Custom resource definitions and operators

You can extend the Kubernetes API with custom resource definitions (CRDs) that define new kinds of resources. Each CRD requires its own custom controller to determine the behavior of the object and define how to maintain its state to match the declared specification. CRDs are useful for building new capabilities onto Kubernetes.

An operator is an extension to Kubernetes that manages an application and its components using CRDs and controllers. KubeVirt is a Kubernetes operator that adds CRDs and relies heavily on their declared manifests for managing VMs.

Persistent storage

Initially, the design of container architecture envisioned stateless workloads, which don’t need to keep data from one runtime to another. Accordingly, containers are immutable, meaning that they don’t change from one run to another. When you move or restart a container, you don’t have to worry about persistent data or changes to the container state, making containers very resilient and portable. The rise of more complex containerized applications necessitated the development of persistent storage for Kubernetes.

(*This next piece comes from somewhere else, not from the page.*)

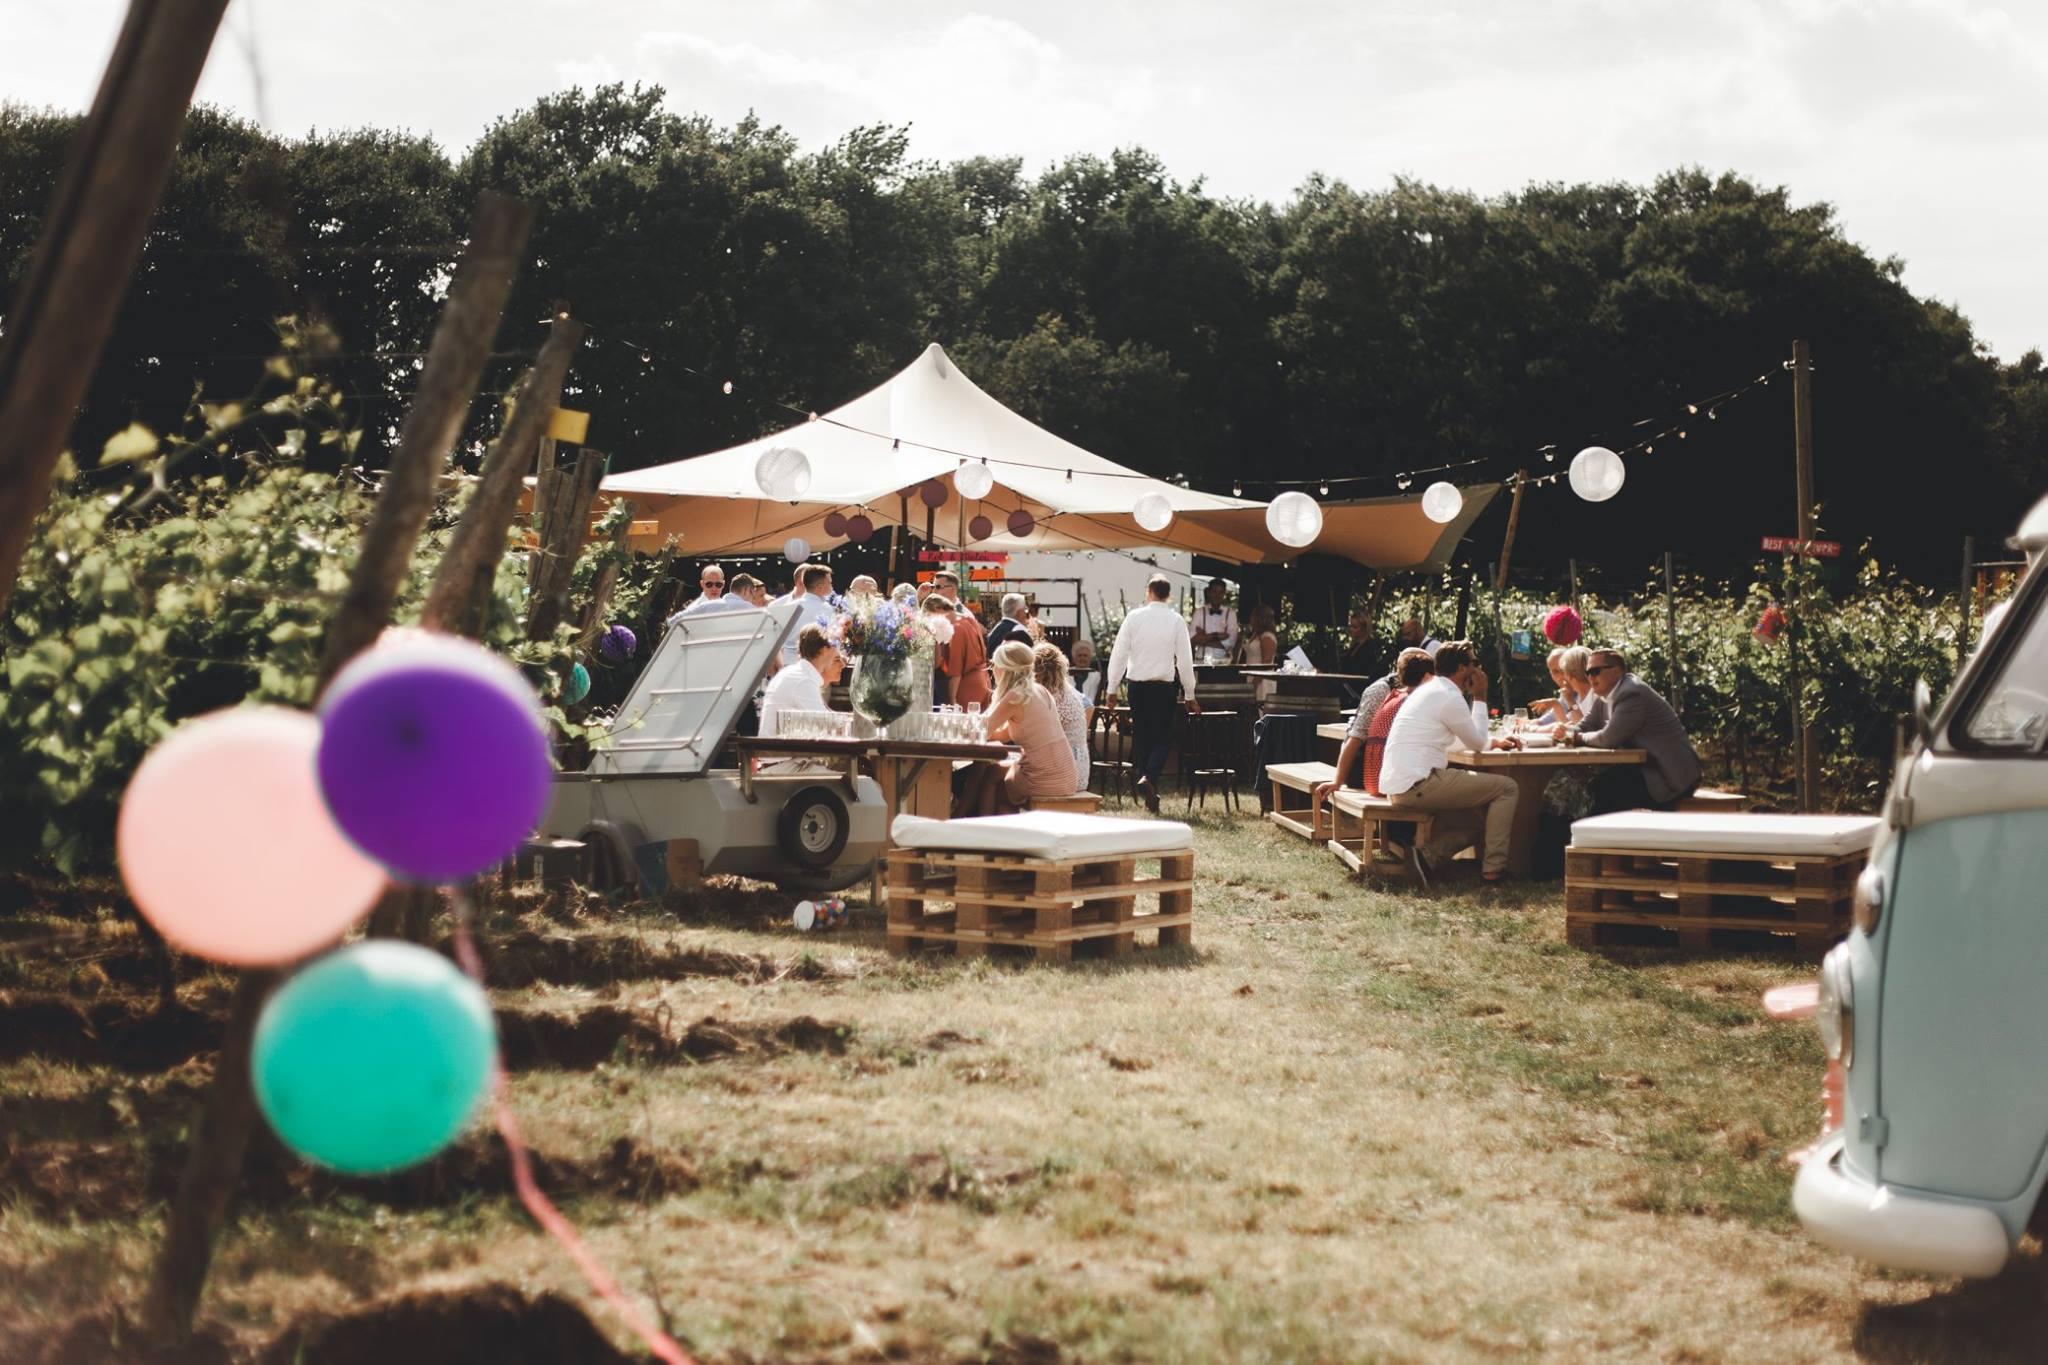 Wedding - Trouwen - Bruiloft - Huwelijk - Festival- uniek - op locatie - Boenders Catering

A Kubernetes resource called a PersistentVolume (PV) represents a unit of storage that can be provisioned dynamically as needed or set up ahead of time based on predicted storage needs. A PV defines details and policies about the data it will hold. On its own, a PV is not owned by a specific application or project.

A containerized application in Kubernetes requests ownership of a PV using a PersistentVolumeClaim (PVC) object, which is also used as an identifier for the claim once the request is granted. Once an application has used a PVC to claim a PV, the PVC is bound to the PV, and that storage can’t be used by other applications. The PV and PVC resources declare the virtual file mounts between your containers and paths outside of these containers. The advantage here is these external paths typically have longer persistence than the more ephemeral lifecycles of containers and pods.

PodPresets, ConfigMaps, and Secrets

Kubernetes makes it possible to create pods from templates and to provide configuration, environment variables, and credentials to pods.

A PodPreset is an object you can use to inject environment variables and other information into a pod as it’s created. A label selector on the PodPreset specifies which pods the PodPreset applies to. When you create a pod with a matching label, it’s populated with information from the PodPreset. This lets you author templates without the need to know all the information for every pod ahead of time.

With a ConfigMap, you can store nonconfidential data as key-value pairs, then pass the data to a pod as environment variables, command-line arguments, or configuration files. This lets you add environment-specific information to pods, making them more easily portable.

A Secret object makes it possible to pass confidential data to a pod, eliminating the need to store credentials or other sensitive data in application code, a container image, or a pod specification.

VMs and Containers Today

Although VMs and containers are very different, they have things in common. The ability to create a container from a template and then securely inject credentials and other information is familiar to anyone who has created VM images for use across a data center. Creating and orchestrating VMs with tools such as Puppet and Chef is not so different from managing containers with Kubernetes. However, these similarities don’t make it easy to move all virtualized workloads to containers. Containers and VMs have different characteristics and capabilities that make some workloads better suited to one runtime environment or the other.